Splendeur, fastes et tremblements : Iolanta et Casse-Noisette réunis à Paris

par

Elena Zaremba (Martha), Gennady Bezzubenkov (Bertrand), Vito Priante (Ibn-Hakia), Alexander Tsymbalyuk (Roi René), Sonya Yoncheva (Iolanta), Roman Shulakov (Alméric), Arnold Rutkowski (Vaudémont), Anna Patalong (Brigitta), Paola Gardina (Laura)
© Agate Poupeney

Voici donc réunis le dernier opéra de Tchaïkovski, « Iolanta » et son ballet, « Casse-Noisette » conçus ensemble et représentés pour la première fois en 1892, au Théâtre Marinsky. Le metteur en scène russe Dmitri Tcherniakov a, pour l'occasion, complètement réécrit l'argument du ballet. Ainsi la fille aveugle du roi René de Provence aimée du comte de Vaudémont mais promise à Robert duc de Bourgogne va devenir la petite Marie du ballet. L'opéra en un acte où l'héroïne est délivrée de sa cécité par amour avec l'aide d'un sage médecin maure, se passe dans un salon tchékhovien d'un goût ravissant aux éclairages subtils, comme à l'intérieur d'une boîte qui va s'amenuiser en petit théâtre ouvrant l'espace du plateau aux danseurs. Mais, à l'éloge de la lumière, des bienfaits du Créateur -Dieu et Allah confondus- qui conclut cette première heure d'opéra, le metteur en scène fait succéder le cauchemar de l'adolescence. Alors, le Noël célébré par Iolanta, devient l' « anniversaire » de la même héroïne. Rien de moins innocent. Car l'état d'enfance disparaît. Le parrain magicien, Drosselmeyer, se confond incestueusement avec Vaudémont et ses doubles (coiffés de perruques rousses). Plus de Casse-Noisette, plus de rats, plus de flocons, plus de fée Dragée ni de mère Gigogne. Invisiblement présents par la musique, il accompagnent la jeune fille dans l'abîme de ses fantasmes. Les chorégraphes se sont mis à trois pour illustrer d'abord l' anniversaire aux danses ponctuées d’onomatopées, accompagnées d'inquiétants cadeaux (Arthur Pita). Surgissent des revenants tournoyant sur eux-mêmes comme des derviches, moulinant bras et jambes, secoués de spasmes (Edouard Lock). L'agonie de la nuit fige les protagonistes dans une neige grise (Sidi Larbi Cherkaoui). Après l'entracte, la jeune fille erre dans une forêt traversée d'aigles, de chiens, d'hippopotame, d'hommes-rats aux traits de Vaudémont. Puis des jouets géants en plastic l'entourent pour le grand tableau des divertissements (Edouard Lock). La valse des fleurs devient celle de la vie où tous les couples vieillissent et disparaissent. Restent Marie et Vaudémont en un pas de deux dont la perfection chorégraphique, la fluide harmonie des portés fond les corps en un geste unique d'une beauté à couper le souffle (Sidi Larbi Cherkaoui). L’apothéose finale revient à une météorite projetée sur le fond de scène qui réveille la jeune fille.
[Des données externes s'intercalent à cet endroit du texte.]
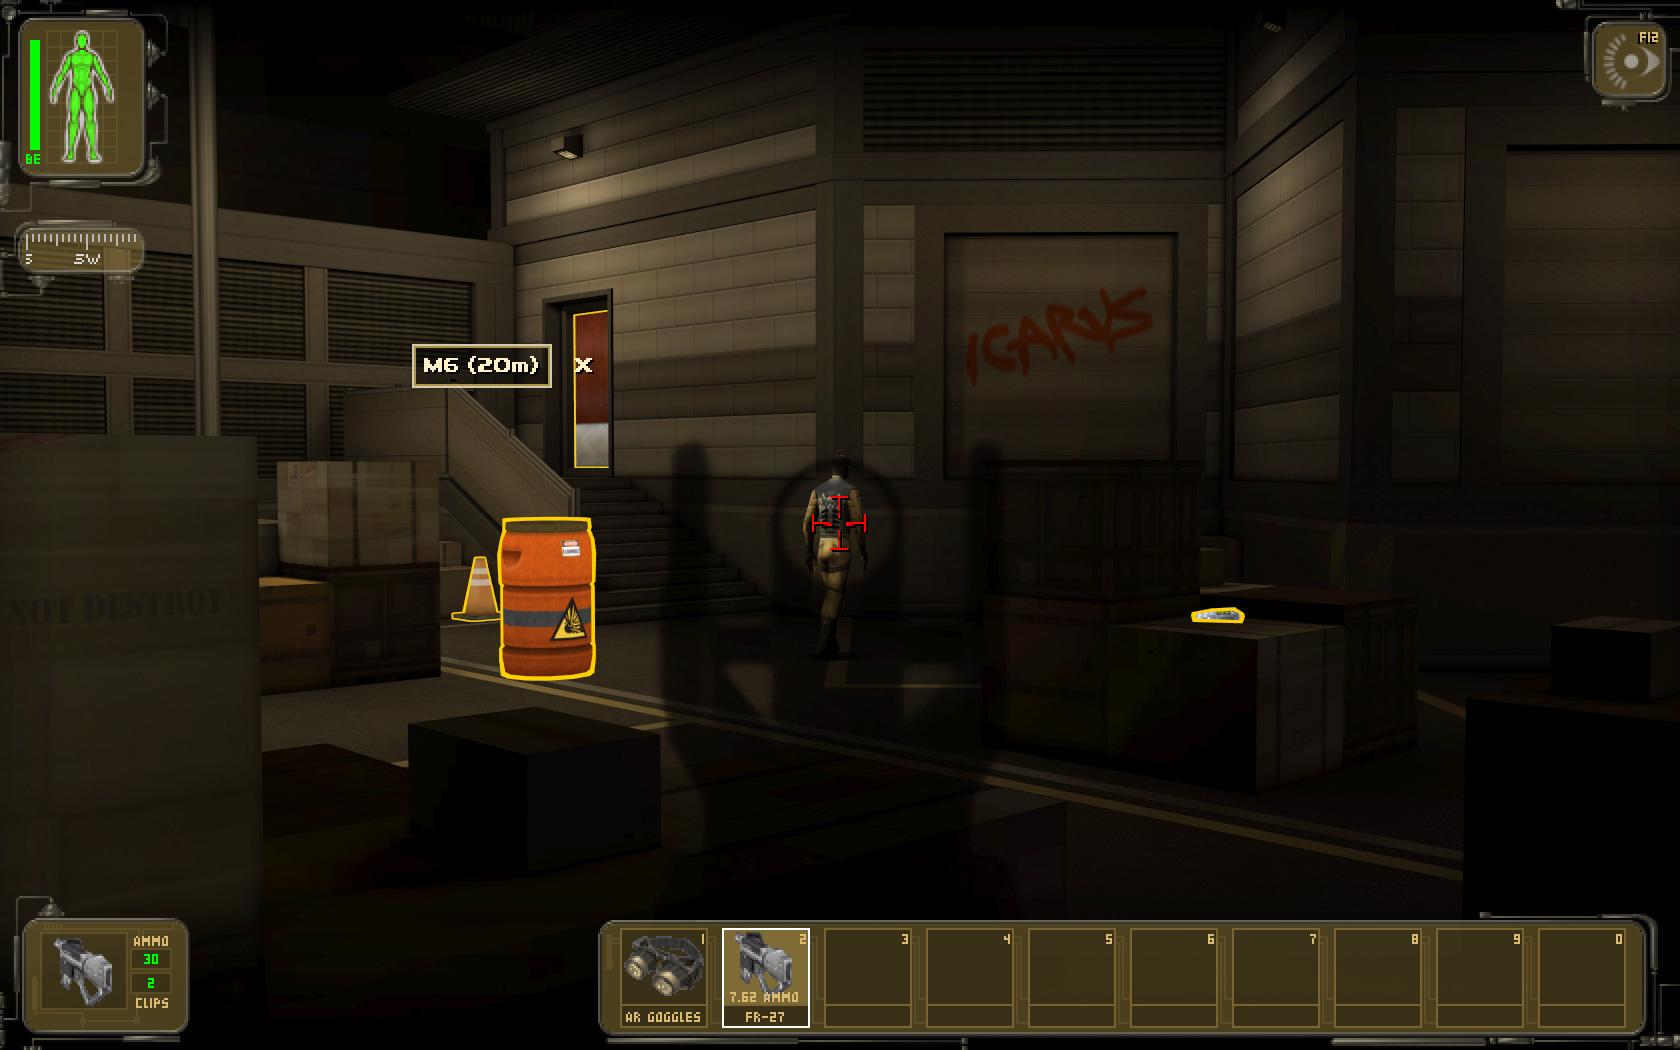 Deus ex game nude patches smut clip

Il faut faire abstraction des convulsions, prurits, coliques et autres gésines anti-musicales - chères au chorégraphe Edouard Lock. Il faut passer outre le regret des éléments liés à l'enfance. Comme il faut surmonter certains parti-pris : éradication de toute influence française dans « Iolanta » -sauf les noms des personnages- au profit d'une vision uniquement russe ce qui entre en contradiction avec la nature composite et européenne du génie de Tchaïkovski- et, dans « Casse-Noisette », disparition de l'esprit allemand « gemütlich ». Car, en définitive, c'est  l'intelligence, la profusion d'idées, la qualité esthétique et l'excellence de la réalisation qui s'imposent.
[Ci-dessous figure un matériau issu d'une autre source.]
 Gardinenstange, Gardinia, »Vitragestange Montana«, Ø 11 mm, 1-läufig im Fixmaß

Côté voix, la soprano bulgare Sonya Yoncheva au chant incisif et puissant incarne une Iolanta à la personnalité affirmée, candide et touchante comme il convient dans ce chef d’œuvre de fraîcheur et d'inventivité mélodique. Somptueux de timbre et d'allure, Alexander Tsymbalyuk (Le roi René) fait prévaloir le grandiose slave sur la dignité du prince des arts provençal. Vito Priante dispense un art du chant élégant dans le rôle du sage Ibn-Hakia dont il fait une noble figure. Les prétendants (Arnold Rutkowski/ Vaudémont et Andrei Jilihovschi/ Robert) s'affirment dans leur différences tandis que les seconds rôles jouent aussi bien qu'ils chantent.
La gracile Marion Barbeau omniprésente pendant tout le ballet stupéfie par son endurance, sa souplesse désarticulée, sa présence presque désincarnée. L'effroi que pourrait inspirer cette trop mince silhouette se dissipe dans l'émerveillement du pas de deux final avec Stéphane Bullion. Impériale autant qu'inquiétante, Alice Renavand (la mère) impose d'emblée sa classe, son mystère et illumine la chorégraphie orientale de ses hiératiques ondulations. Les enfants et danseurs âgés, trop exposés, semblent à cette première représentation, encore un peu empruntés. L'orchestre mené par Alain Altinoglu tient le cap mais s'avère souvent bien peu enlevé, raide et pesant (influence des chorégraphies?).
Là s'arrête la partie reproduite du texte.